Indicate by check mark whether by furnishing the information contained in this Form, the registrant is also thereby furnishing the information to the Commission pursuant to Rule 12g3-2(b) under the Securities Exchange Act of 1934.
o Yes þ No
If “Yes” is marked, indicate below the file number assigned to the Registrant in connection with Rule 12g3-2(b): o
 
 

 

 


 

Form 51-102F3

Material Change Report

1.   REPORTING ISSUER
TERRA NOVA ROYALTY CORPORATION
Suite 1620, 400 Burrard Street
Vancouver, British Columbia, V6C 3A6
2.   DATE OF MATERIAL CHANGE
November 16, 2010
3.   NEWS RELEASE
On November 16, 2010, Terra Nova Royalty Corporation (“Terra Nova”) issued a news release through PR Newswire, which was also filed on SEDAR.

4.   Summary of Material Change
Terra Nova announced that it successfully completed its tender offer to acquire all of the class A common  shares of Mass Financial Corp. (“Mass”) through a wholly-owned subsidiary (the “Offer”). The Offer expired at 11:59 p.m.
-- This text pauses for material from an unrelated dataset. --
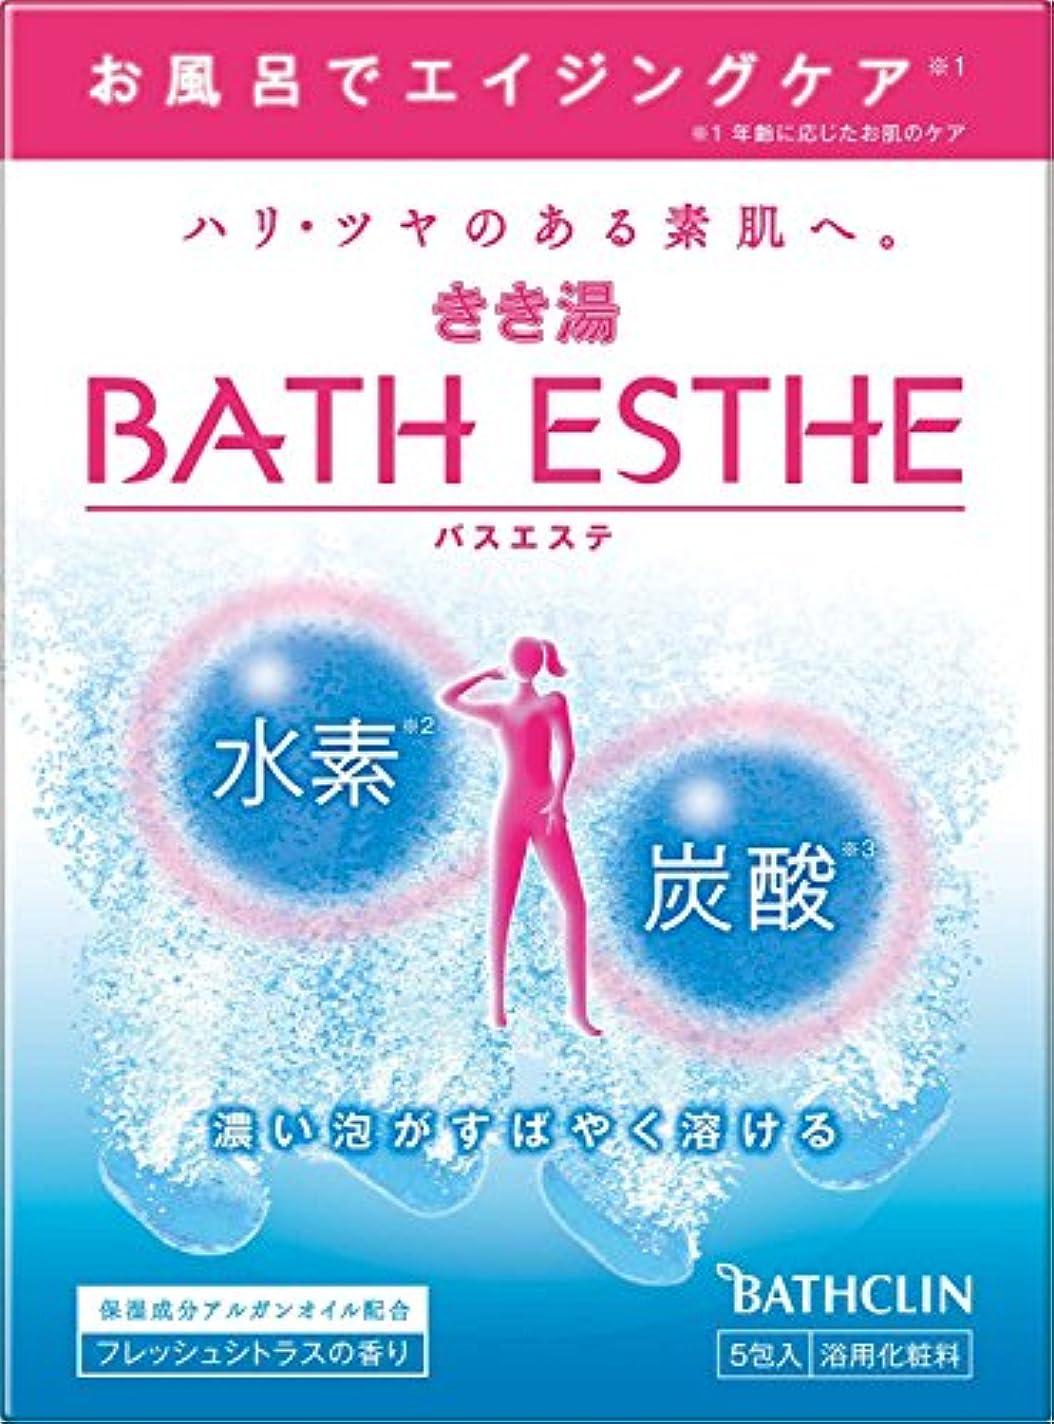 自己尊重抑制する修羅場きき湯バスエステ炭酸水素入浴剤 フレッシュシトラスの香り50g×5包入り 発泡タイプ 個包装

Eastern Time on November 8, 2010. Pursuant to the Offer, Terra Nova acquired approximately 93% of the outstanding class A common Shares of Mass, excluding Mass shares already held by Terra Nova.
5.   Full Description of Material Change
Terra Nova announced that it successfully completed the Offer. The Offer expired at 11:59 p.m. Eastern Time on November 8, 2010. Pursuant to the Offer, Terra Nova acquired approximately 93% of the outstanding class A common Shares of Mass, excluding Mass shares already held by Terra Nova.
Terra Nova currently plans to complete its acquisition of Mass by effecting a compulsory acquisition of the Mass shares not tendered under the Offer and/or subsequently causing the amalgamation of Mass with a wholly-owned subsidiary of Terra Nova.
For further information, please refer to Terra Nova’s news release dated November 16, 2010, a copy of which is attached as Appendix “A” hereto.
6.   RELIANCE ON SUBSECTION 7.1(2) OR (3) OF NATIONAL INSTRUMENT 51-102
Not applicable.
7.   OMITTED INFORMATION
No significant facts otherwise required to be disclosed in this report have been omitted.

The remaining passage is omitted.